Mundaka Surf Season
Basque Country, Spain · part of the Mundaka spot guide
Mundaka is an autumn-and-winter wave. The prime window is September or October through March, most consistent in November and December and heaviest and coldest in January and February, when North Atlantic lows fire long-period northwest groundswell into Biscay. Summer sits flat under the Azores high.
The wave’s pedigree was proven on the World Championship Tour, which ran the Billabong Pro Mundaka from roughly 1999 to 2009, scheduled for early-to-mid October to catch the first autumn swells — the pros’ own vote on when it wakes.

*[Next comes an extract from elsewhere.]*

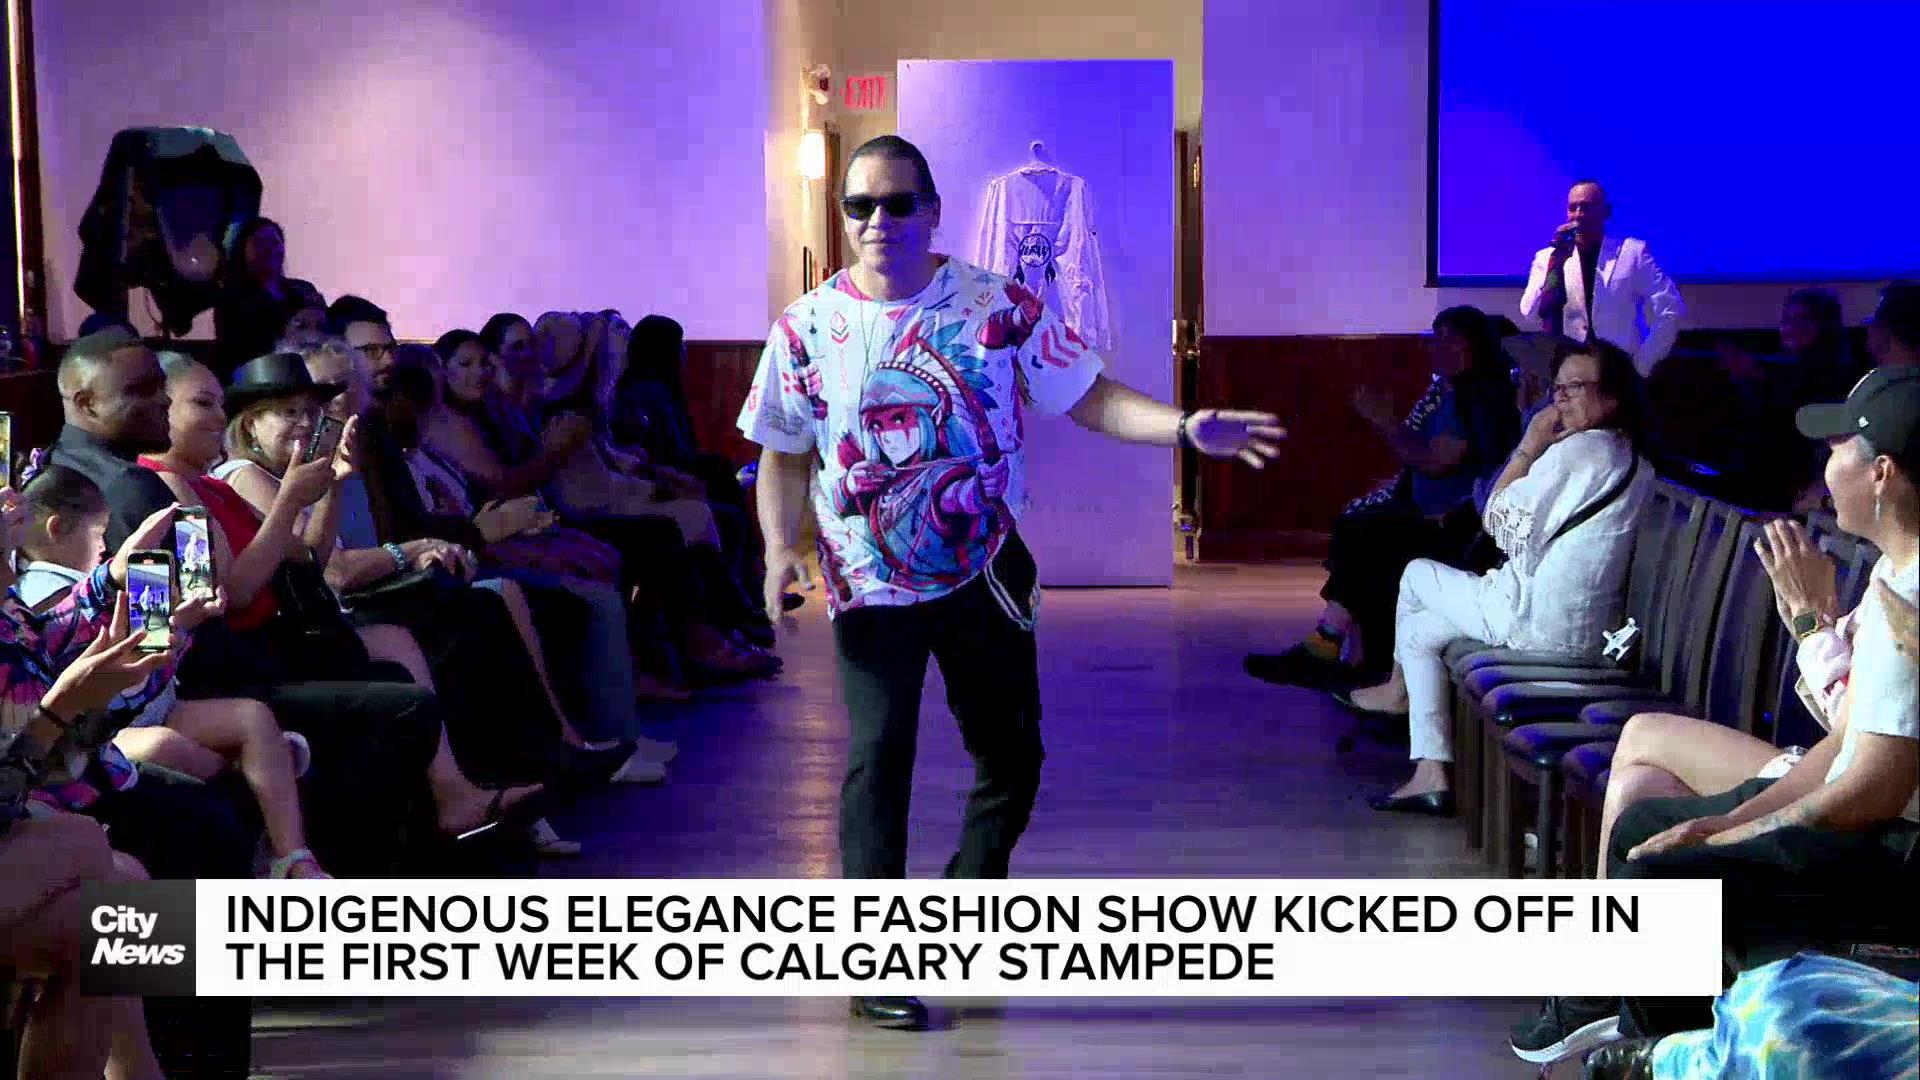 Indigenous Elegance Fashion Show kicked off in the first week of Calgary Stampede

Where the swell comes from
The engine is the North Atlantic storm track — Icelandic and mid-Atlantic lows firing long-period northwest groundswell into the Bay of Biscay. Short-period wind swell won’t build or groom the bar; it takes a real groundswell to wake it.
Historic swells at Mundaka
Slater’s classic
Kelly Slater won a benchmark Billabong Pro in classic conditions — the last healthy-bar contest before the dredging damage.
The sandbar vanishes
Around a quarter-million cubic metres of sand was dredged for shipyard access, the bar dropped roughly 12 ft underwater, and the famous left effectively disappeared for nearly three years, cancelling the 2005 event.
Natural recovery
A normal-rainfall winter rebuilt the bar and the wave returned after about three years — a lesson in just how sediment-dependent it is.
The wave comes back
The bar came alive mid-contest with 2 m-plus reeling lefts, rookie Bobby Martinez beating Slater — and the event still bailed to backup spots on the biggest tidal swings, underlining how tide-fickle Mundaka is.